Is it possible for an Oscar telecast to seem good as it is happening? Somewhere in the middle of the 30-minutes-longer-than-it-should-have-been, Ellen DeGeneres–hosted Academy Awards, in the vast oases between Best Supporting Actor and Best Supporting Actress, between Best Supporting Actress and Best Picture, I started to wonder if hosts of years past, even ones I know were terrible, might not have been more entertaining. If Billy Crystal, as dull as he was two years ago, or James Franco and Anne Hathaway and their Quaaludes-meets-cocaine horror vibe, or Seth MacFarlane and his misogyny, weren’t preferable to another montage about heroes, featuring almost no women. But I think it is just forgetfulness: Every year, we forget how godawful-long the Oscars are. By the time the show rolls around again, the montages, the terrible patter, and the sheer length have faded from our memories, and we are just left with the memorable moments. When this Oscars gets reduced to the one in which Meryl Streep shimmied, Darlene Love sang, John Travolta made up a name, and 12 Years a Slave won it won’t—it can’t—seem as bad as it did while it was going down.
Ellen DeGeneres’ performance as host was a kind of low-key reaction to MacFarlane and even Hathaway-Franco and the Academy’s every other year interest in going in a riskier direction. Ellen is not an offensive persona; she is safe hands. And if her performance was surprisingly, maybe even overly sly, she made sure to camouflage it very well. She started slowly—opening with literally a joke about the weather—and then, from a certain perspective, proceeded to affably spend the night changing costumes and ordering famous people—who are just like us!—pizza, while never taking a clear shot at anyone other than Liza Minnelli.
But Ellen was also up to something slightly crafty. She basically took a page out of Stephen Colbert’s handbook, casting herself as an Oscar believer and insider, so she could tease what was going on around her without seeming like a tease. “I’m not saying movies are the most important thing in the world, I’m not saying that, because the most important thing in the world is youth,” was one of her early jokes. This is almost pure Colbert—adopting a batty consciousness—but put to a much more subtle effect. Colbert mimics right-wingers in order to mock them; Ellen mimicked celebrity thought with scorn and more affection.

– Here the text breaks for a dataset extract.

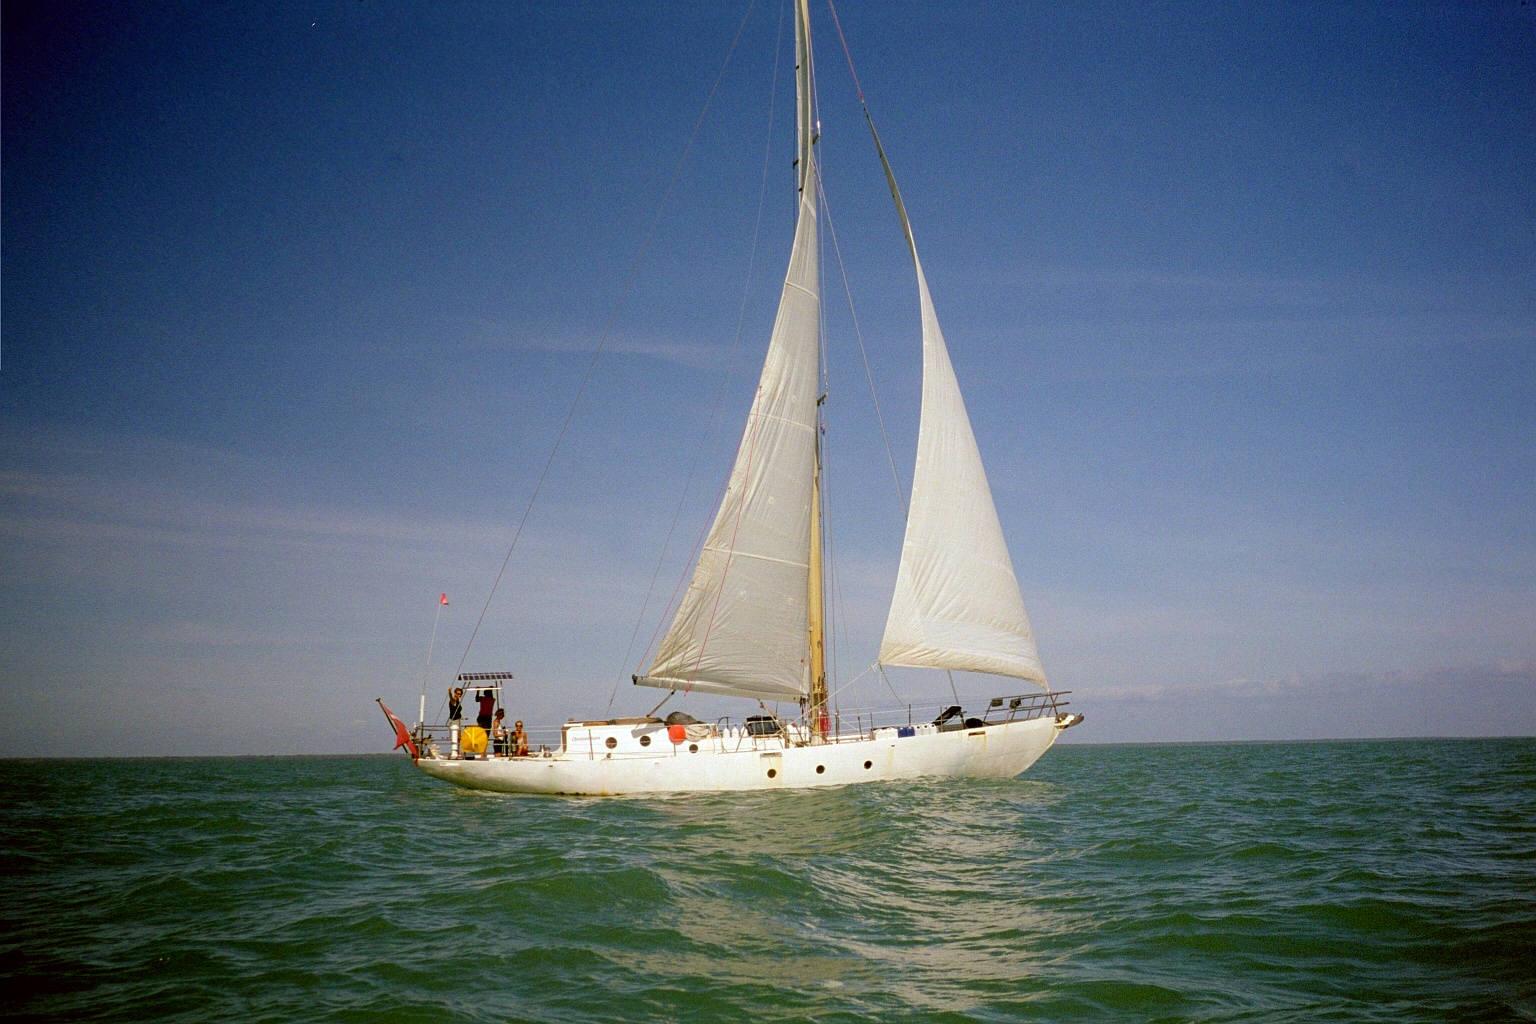 navngivning af båd

After the opening monologue, Ellen spent too much time in the audience, often doing a whole lot of nothing: saying hi to famous people, copping their chairs, asking for money. These bits were dull and baggy, as was the show in general. (Speeches didn’t get cut off this year, which is sweet, but added up to about 30 minutes of the audiences’ life.) But the climax, when Ellen orchestrated a high-celebrity-wattage selfie, now the most tweeted tweet of all time, was another double-edged moment: a comment on how much we all love famous people and also a comment on how much famous people want to be loved. Ellen was celebrating fame, if you wanted to see that; she was also lightly poking fun, if you wanted to see that. Presumably more people saw the former, which is why the Academy hired her: She’s not an overt troublemaker.
Ellen’s best joke came at the end of her monologue: “Possibility number one, 12 Years a Slave could win. Possibility number two, you’re all racists,” she said, a reductive bit of logic that nonetheless felt like a pretty accurate read of feelings about the Best Picture race. (Ellen’s next joke, “Now please welcome our first white presenter,” made it land even harder.) 12 Years a Slave did win and if all that proves is that the largely white Academy members were willing to watch and able to appreciate a movie about slavery—a low hurdle many people feared was too high—that’s better than nothing. As the show ended, with Steve McQueen joyfully grabbing his Oscar and then jumping up and down with glee, it felt like the long night had at least led up to something. I could tell: I was already forgetting how boring the long night had been.